As Lopez invites us to experience the rich complexity of this moment along with Simon, Caleb, and John, he simultaneously illuminates some of the less well known realities during this tumultuous time: the bankrupting of an economic system based on black bodily labor, the fleeing of wealthy slave-owning families in the aftermath of the Civil War, the miscegenation between whites and their black slaves, and the interweaving of Jewish and African American lives and religious beliefs and customs. This last reality is often overshadowed by its Christian corollary, but Jews, though a minority in America, did in fact have a long history in Richmond, and Jewish leaders were vocal on both sides of the slavery debate. As was often the case in Christian slave-owning households, slaves of Jewish masters also took up the practices and beliefs of their owners, infusing them with their own perspectives and symbols, using ritual to ground daily living and provide hope for the future - in this life or the next.

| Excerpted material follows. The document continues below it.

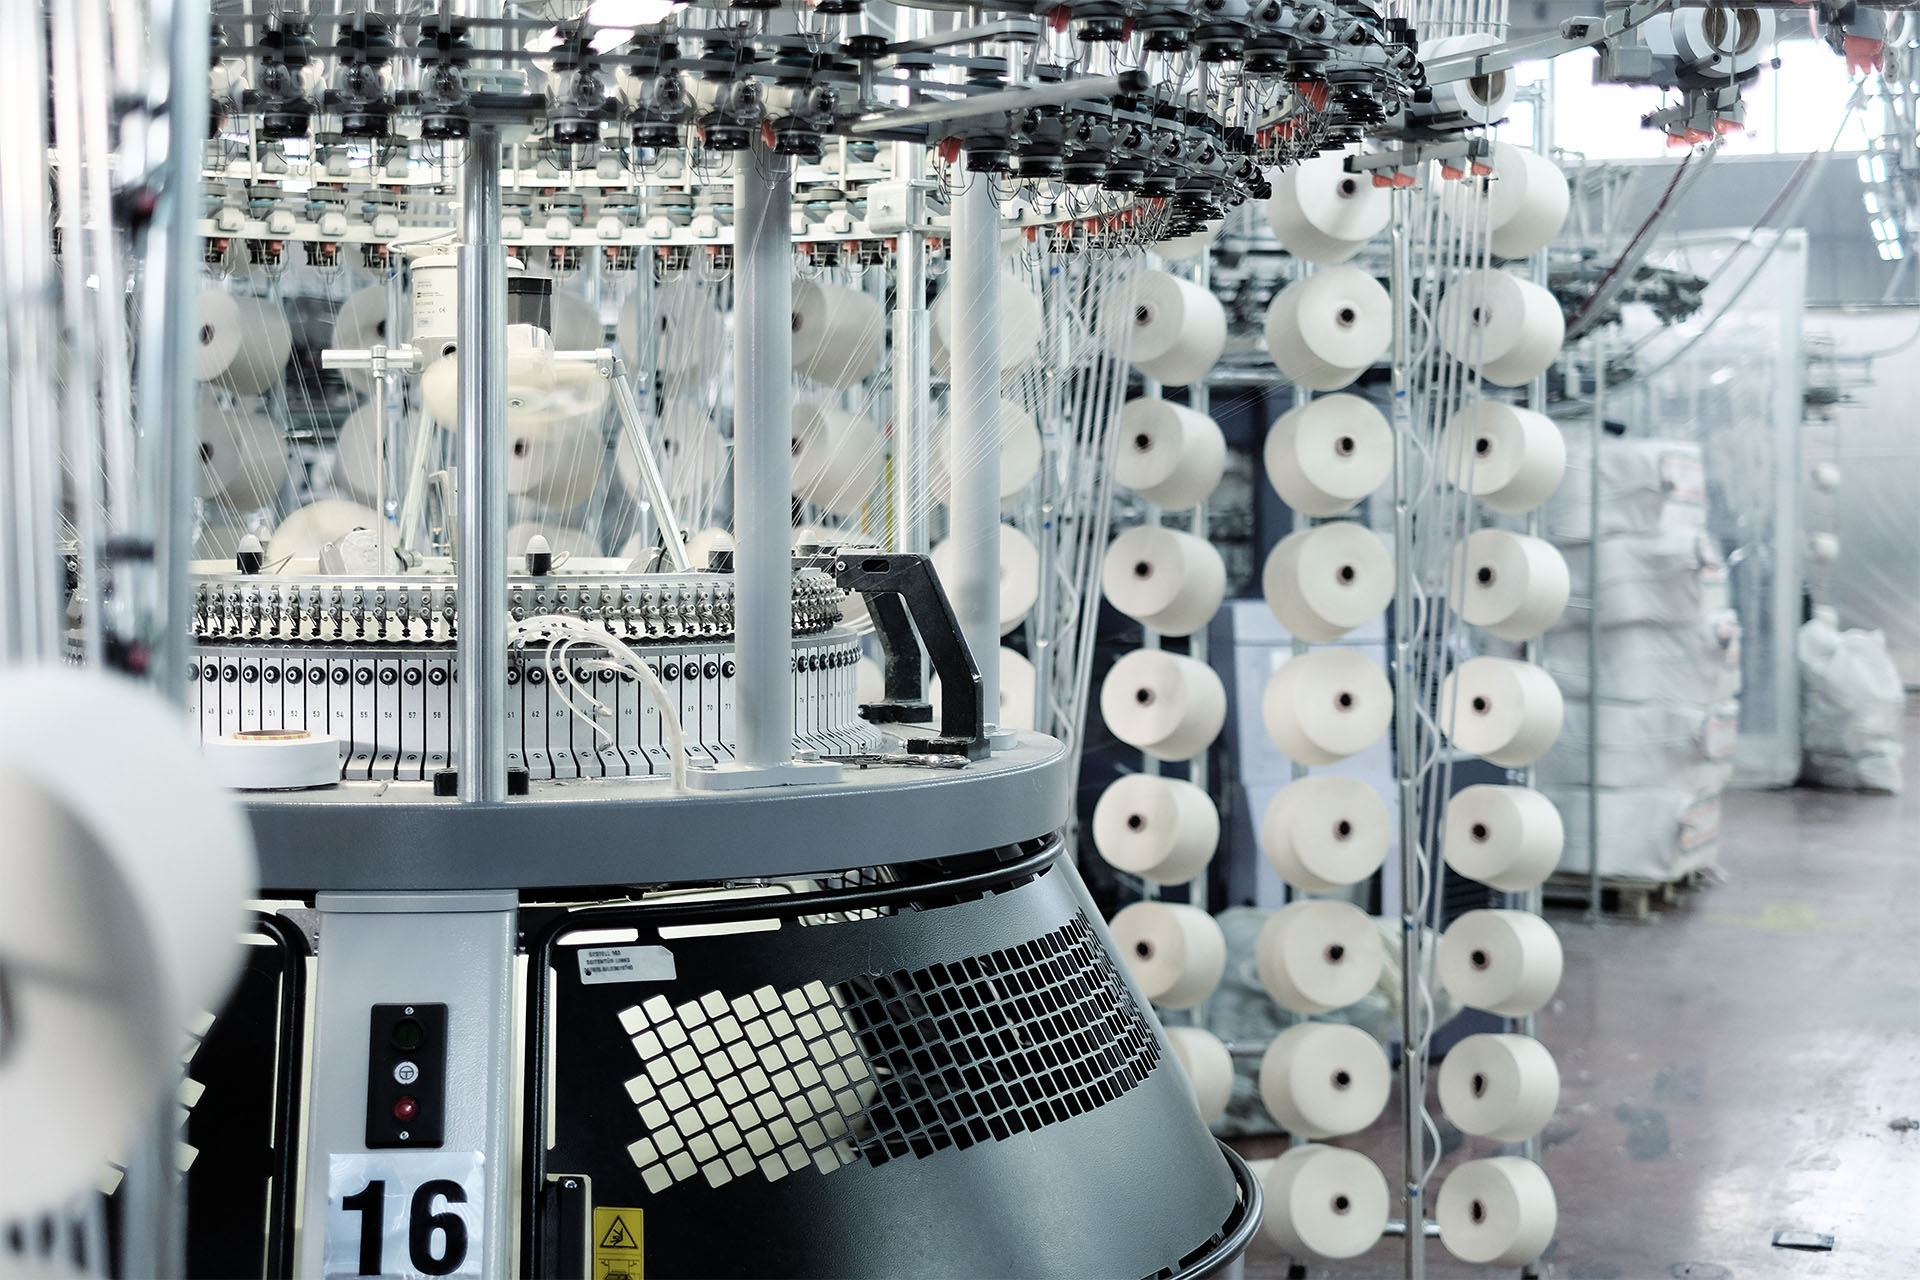 Circular and flatbed knitting machines in the textile industry.

Indeed, as we witness the uneasy reunion of former slaves and former master during three stormy days in 1865, we must ask ourselves who among them is free and who is enslaved? To who and what do each of these characters offer their allegiance? And in the face of their complex reality, how might we understand their humanity, citizenship, rights, liberties, responsibilities, and power?
Starring:
Duane Boutté (John), Joseph Papke (Caleb De Leon), and Bruce A. Young (Simon).
ARTISTS’ BIOS:
LOU BELLAMY
(Director & Producer) is the founder and artistic director of Penumbra
Theatre. He has been a member of the University
of Minnesota's faculty
for 31 years and is currently appointed to the rank of Associate Professor in
the Department of Theatre and Dance. Recent awards include the 2007 OBIE for
Direction and the 2006 McKnight Distinguished Artist Award. His most recent
directing credits include Fences and The Piano Lesson at Penumbra, and A Raisin in the Sun, co-produced with Cleveland and Arizona
Theatre, and staged at Cleveland Play House and Arizona Theatre Company. This production of A Raisin in the Sun will be staged at the Guthrie Theater this
season.
MATTHEW LOPEZ (Playwright)
premiered his play The Whipping Man
at Luna Stage in April 2006. His play Tio Pepe was recently presented at the
Public Theater as part of Summer Play Festival 2008. Other plays include Reverberation, Noble Street, Between Us, and Phemmi Klompers, Agent to the Stars. His work has been seen and
developed at the McCarter Theatre, The New Group, The Lark Play Development Center,
Luna Stage, Backhouse Productions, Monarch Theatre and breedingground
Productions. He is a 2009 member of the
Ars Nova Writers Group. Matthew is a graduate of the University of South Florida.
DUANE BOUTTÉ
(John) has performed on Broadway in Carousel and Parade.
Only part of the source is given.